Le elezioni di mid-term

Inviato da Lapo Pistelli il 3 novembre 2010

Le elezioni di Mid-term sono andate, più o meno, come nelle previsioni della vigilia.

Ma è proprio quel “più o meno” che ci permette di esaminare qualche dettaglio di una grande foto di gruppo che ha eletto lo stesso giorno 435 deputati, 36 senatori e 37 governatori.
Il pendolo politico ha riequilibrato il potere della Casa Bianca. Accade quasi sempre, era già successo a Reagan nel 1982, a Clinton per ben 6 anni su 8, a Bush nel 2006.
Il popolo americano ha un’idea così intimamente radicata che il potere debba essere limitato e diviso che ogni Presidente negli ultimi 20 anni ha dovuto fare i conti con un Congresso che, con le elezioni di mid-term, gli ricorda i propri limiti. Nonostante questo, quasi sempre, l’inquilino della casa Bianca è stato rieletto, talvolta con maggioranze ancora più forti. Se è vero dunque che Obama deve ascoltare il messaggio che il Paese gli manda – soprattutto i giovani e le desperate housewives che gli hanno girato le spalle, è sbagliato trarre auspici precipitosi sulle presidenziali del 2012.
Se Barack Obama è stato punito per essere stato troppo a Washington (troppo “romano” diremmo da noi) e avere mantenuto meno del previsto la promessa di cambiamento, egli da ora in poi avrebbe buon gioco a cambiare lato del campo e attaccare da fuori una maggioranza repubblicana che impedisce al Congresso di lavorare.
I repubblicani vincono un po’ più del previsto alla Camera (cambiano colore mentre scriviamo quasi 60 seggi, altro che i 39 necessari per avere la maggioranza), ma non fanno il colpaccio al Senato dove Obama tiene la maggioranza, come non era riuscito a Reagan, Clinton e Bush in analoghe elezioni.
Il “tea party” si conferma più come problema che come opportunità per i repubblicani.

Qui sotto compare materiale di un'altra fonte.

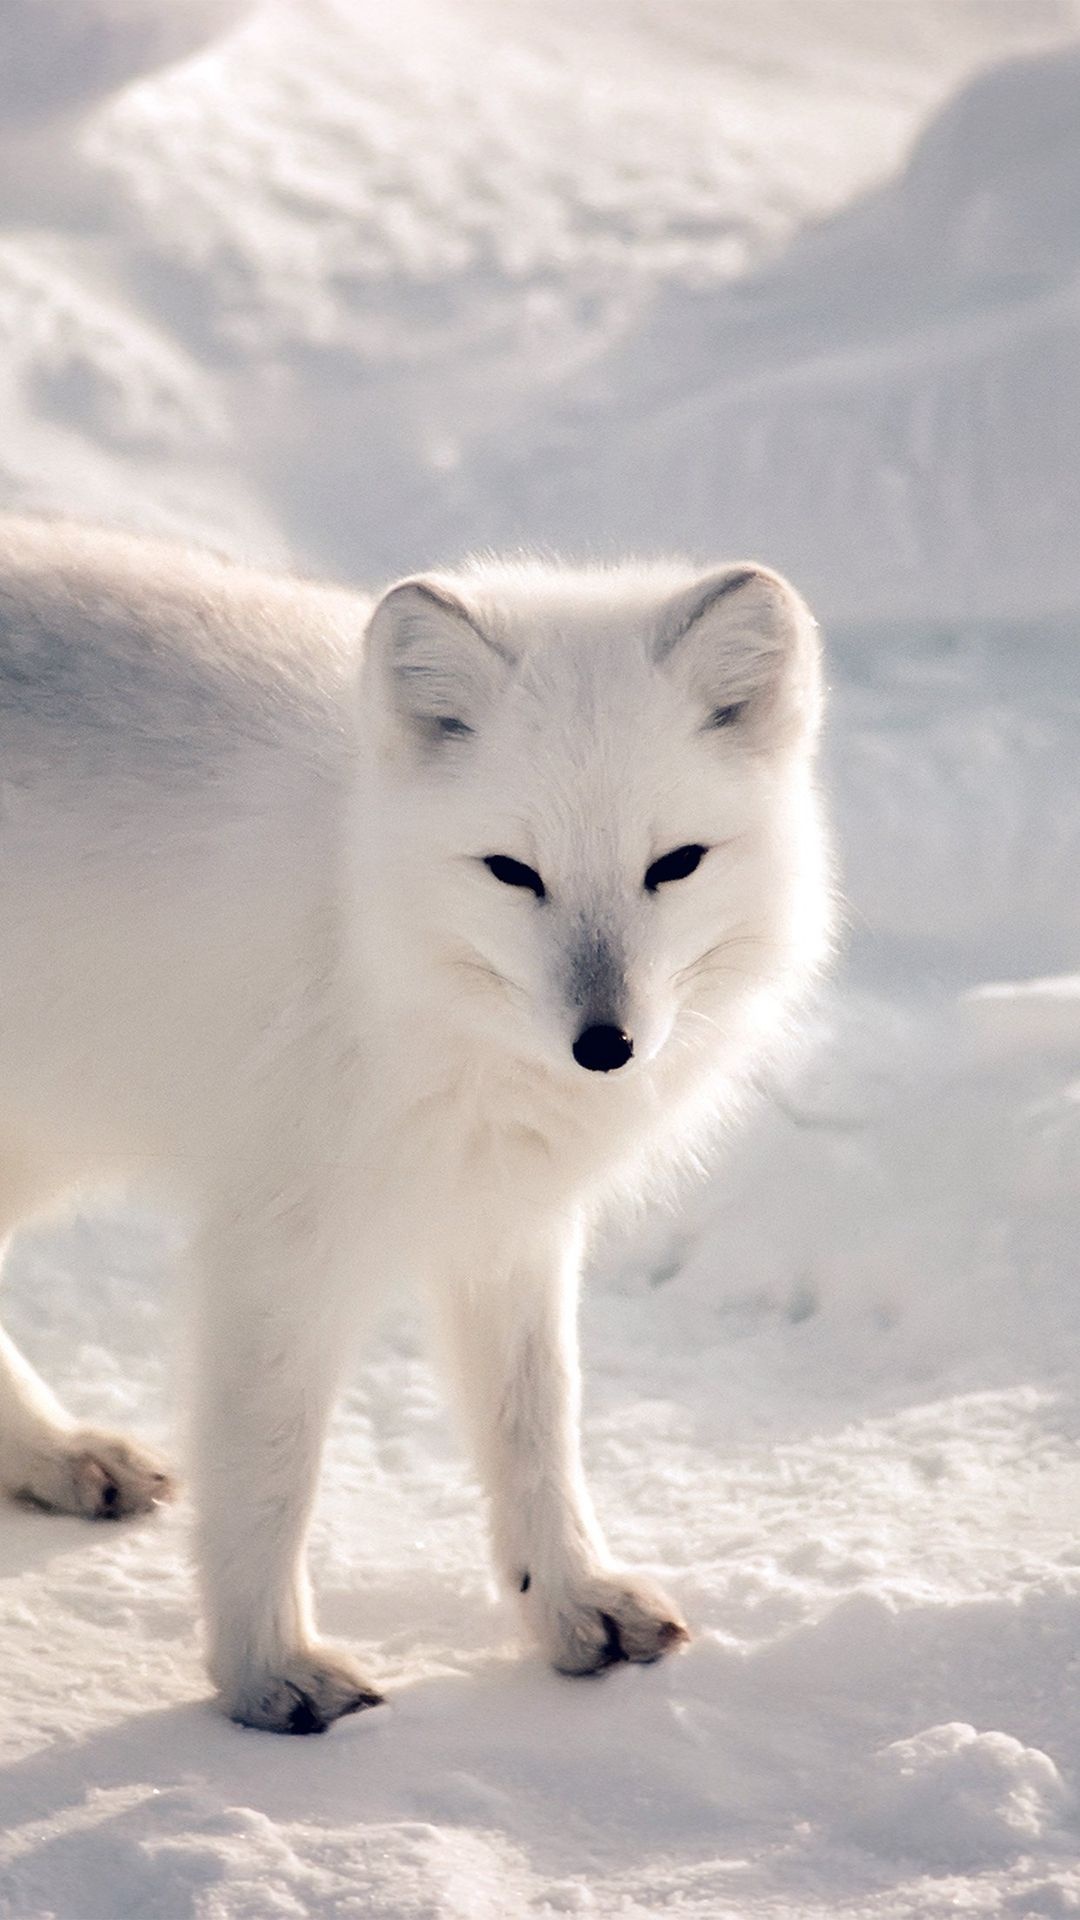 Snowy winter animal, Arctic fox beauty, iPhone wallpaper, Nature's gift, 1080x1920 Full HD Phone

Se Rand Paul ha vinto in Kentucky così come il giovane Rubio è esploso in Florida, vanno invece sottolineate (così come i media le avevano gonfiate nei giorni scorsi) le performance imbarazzanti della O’Donnell in Delaware e di Joe Miller in Alaska. La prima, dopo una campagna di gaffes e strafalcioni non camuffabili dall’inesperienza, ha preso 20 punti di distacco da Coons. In Alaska, patria della madrina del tea-party Sarah Palin, per la seconda volta nella storia americana grazie alla regola del write-in, la candidata uscente Murkowski è stata rieletta, nonostante appunto il suo nome non fosse sulla scheda elettorale (poiché battuta alle primarie dal tea-party) e nonostante l’abbondanza di consonanti del cognome (non insomma, un John Smith qualsiasi). In definitiva, se il tea-party ha un buon candidato sul quale far convergere il voto indipendente bene; ma se il candidato è un estremista dello “Stato minimo”, scappano sia gli elettori indipendenti che i repubblicani moderati. E’ un monito per le scelte del 2012.

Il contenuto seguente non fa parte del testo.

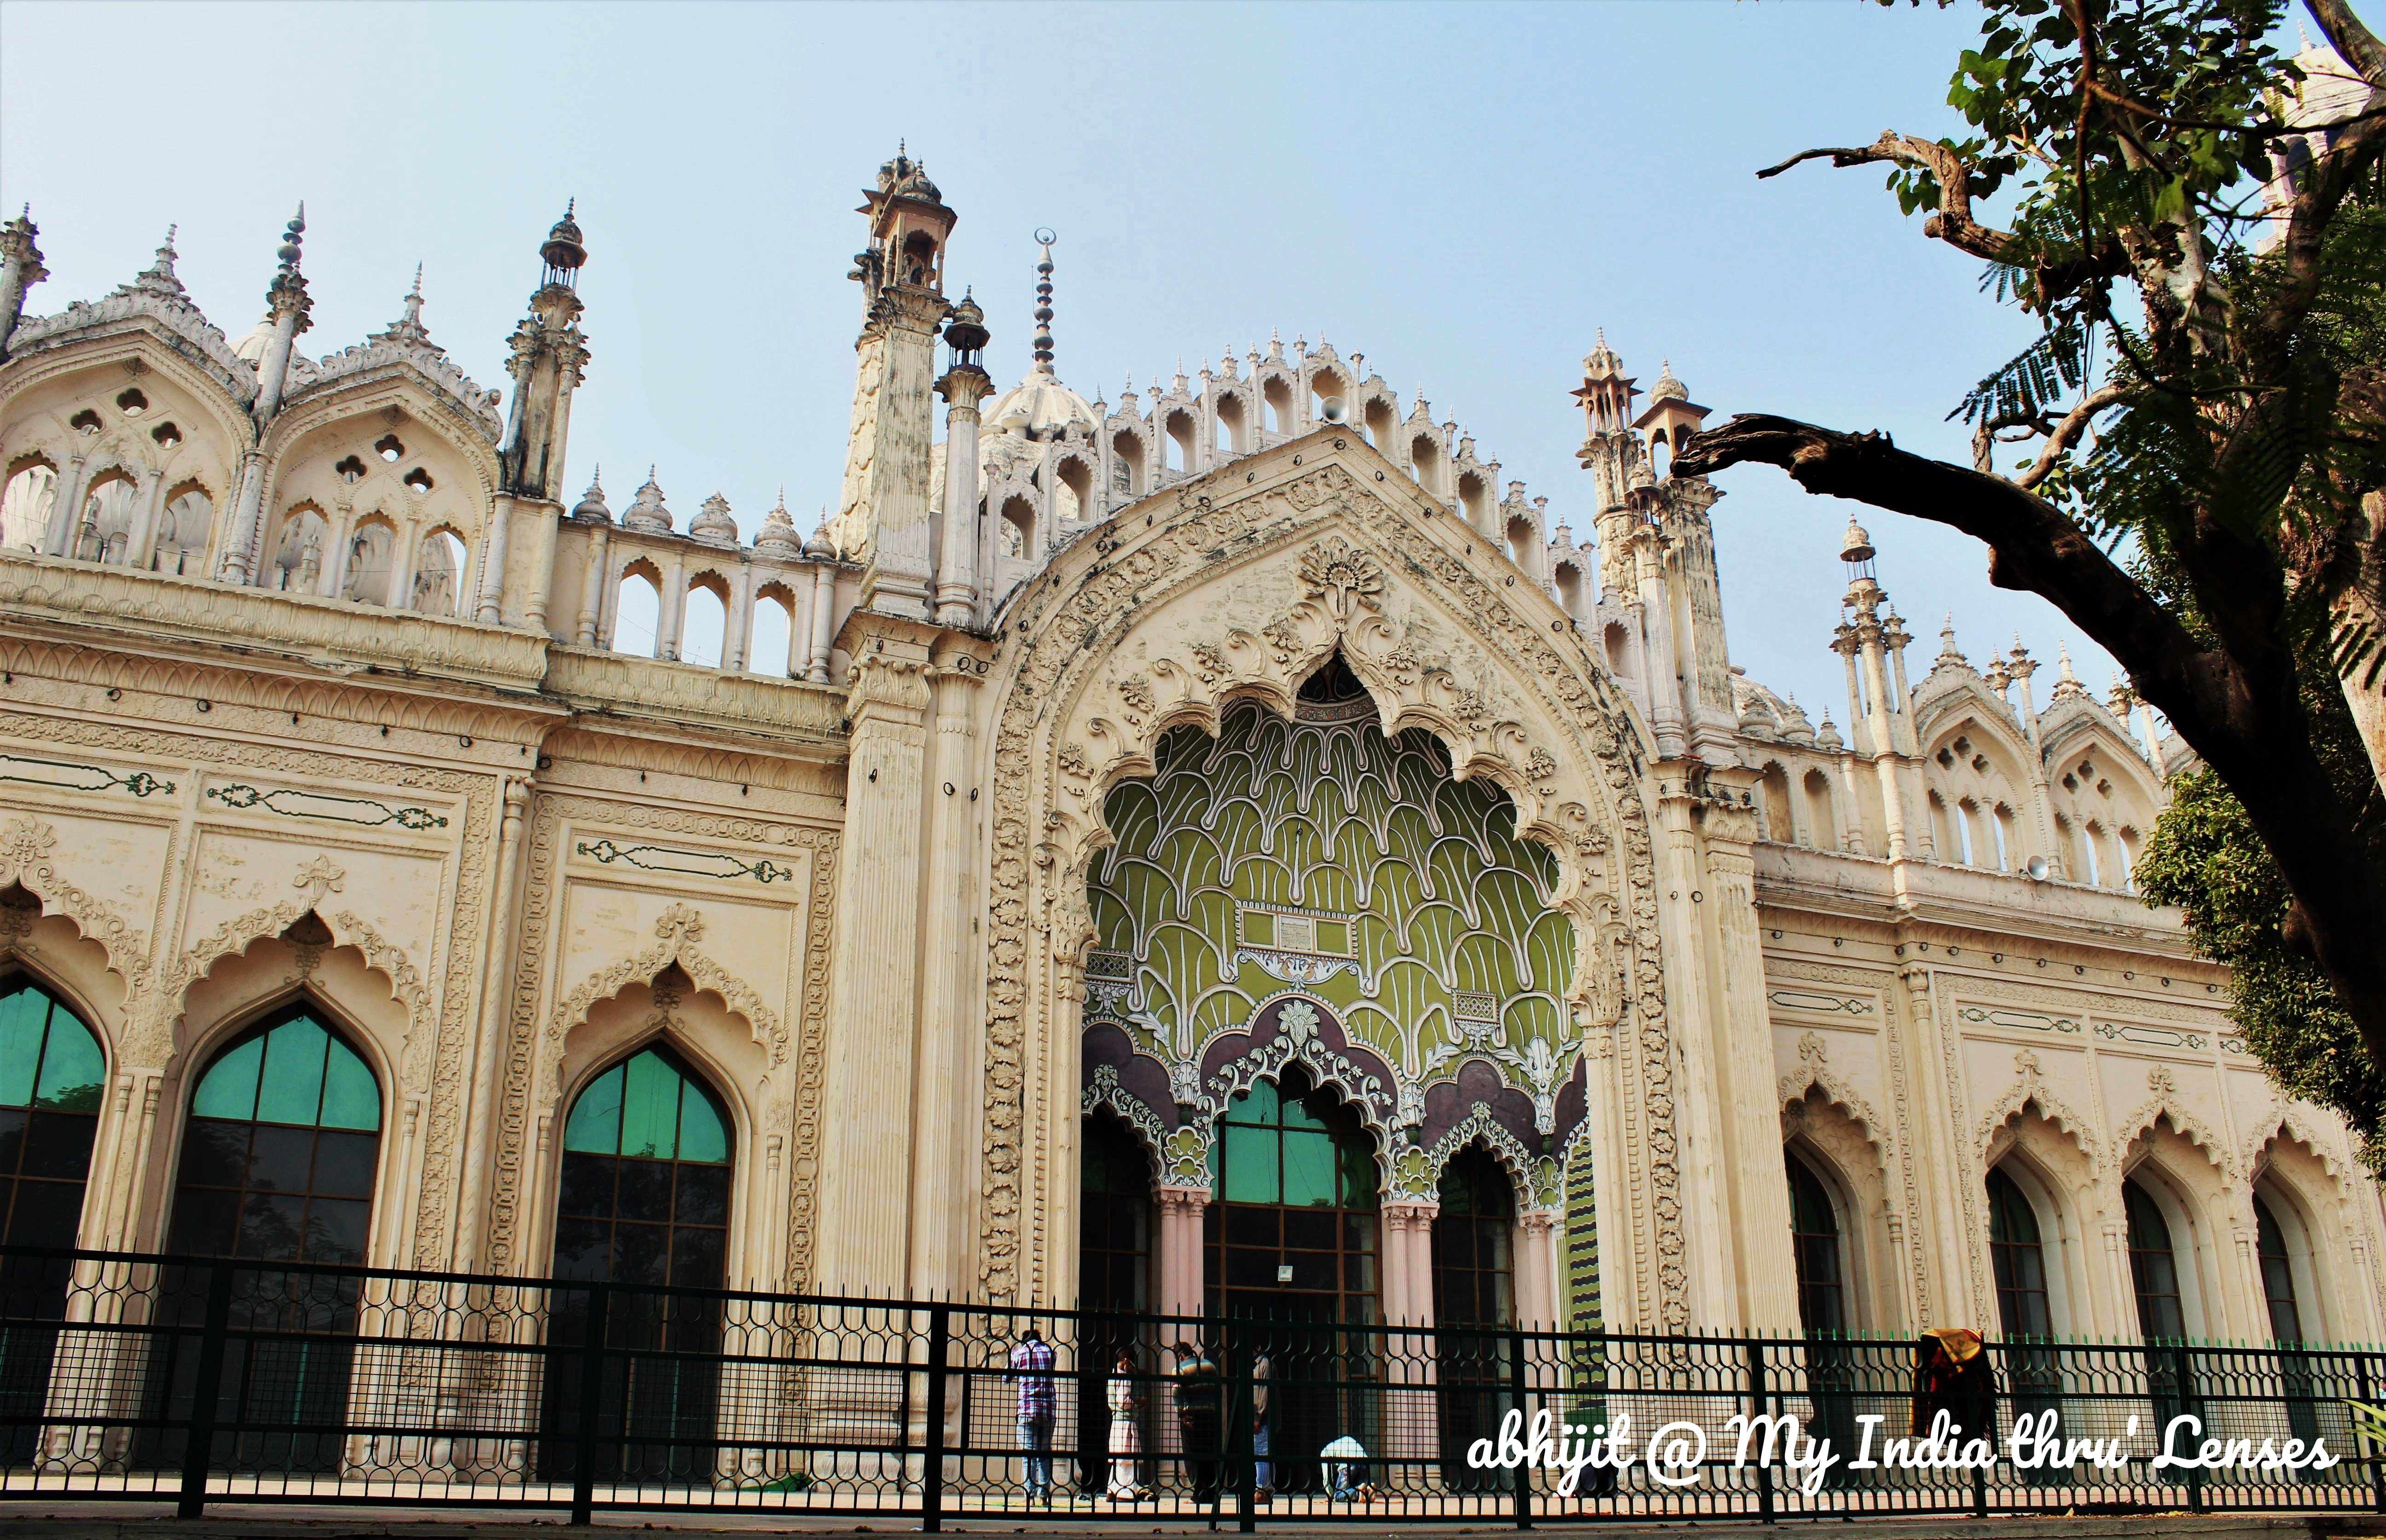 The Jama Masjid, Lucknow

Alcune note sparse: Obama perde di strettissima misura il seggio senatoriale del suo Illinois (grazie anche al classico e inutile terzo canddiato verde), vince nel seggio vacante del West Virginia grazie al popolarissimo ma a lui ostile Joe Manchin, tiene il Nevada con Reid. Noi italiani festeggiamo il ritorno di un Cuomo (Andrew) nel ruolo di governatore a New York e piangiamo la fine del mandato di Nancy Pelosi come speaker.
In California, dove si è corsa la campagna elettorale più costosa degli ultimi decenni, politica batte economia 2 a 0: restano a bocca asciutta le due wonder women repubblicane: Jerry Brown conquista la poltrona di governatore (che fu di Schwarzenegger) contro Meg Whitman, ex amministratore delegato di Ebay; Barbara Boxer, veterana democratica batte Carly Fiorina, ex amministratore delegato di Hewlett Packard.

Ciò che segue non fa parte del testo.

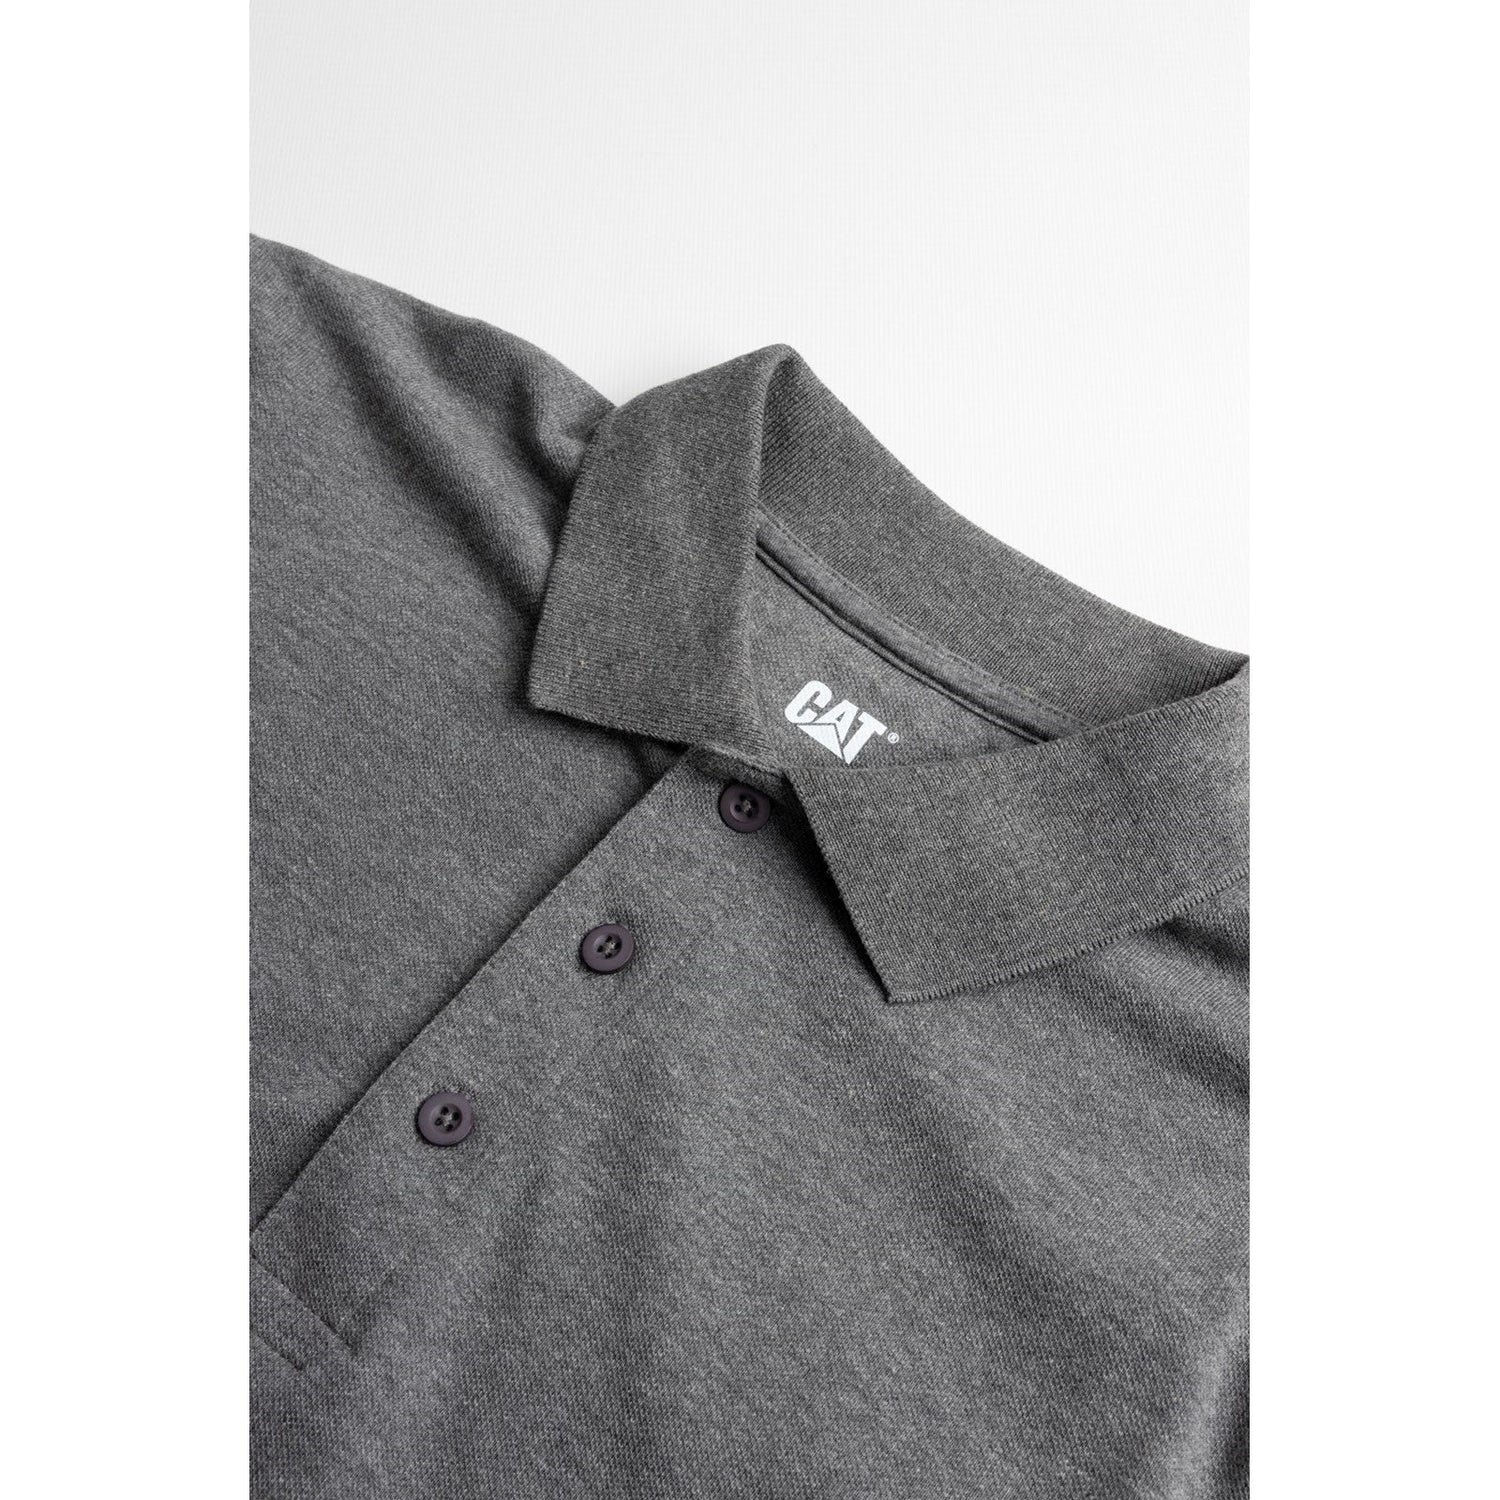 Caterpillar Essentials Polo Shirt. Dark heather Grey. Collar

Un’ultima nota sui governatori. I repubblicani hanno strappato ben 10 posizioni (ma perdono l’importantissima California). Non è solo un dato statistico: i governatori eletti gestiranno le informazioni del censimento decennale 2010 per ridisegnare i collegi elettorali e riattribuire le rappresentanze territoriali in misura fedele ai cambiamenti demografici. Non saranno dunque due anni ordinari.
In conclusione, Obama aveva ripetuto all’infinito una battuta nei comizi degli ultimi giorni: “Abbiamo trovato la macchina nel baratro, l’abbiamo tirata su, l’abbiamo rimessa nella giusta direzione ed ora arrivano questi repubblicani, ci battono la mano sulla spalla e ci chiedono di nuovo le chiavi della macchina. Gliele dareste voi ?”.
L’America del riequilibrio di mid-term non ha riconsegnato le chiavi della macchina ai repubblicani ma ha fatto accomodare l’elefantino sul sedile davanti alla destra del guidatore.
Tocca ora ai due partiti, tocca alla politica, interpretare i messaggi contemporanei di delusione e di cambiamento che l’America ha depositato nelle urne.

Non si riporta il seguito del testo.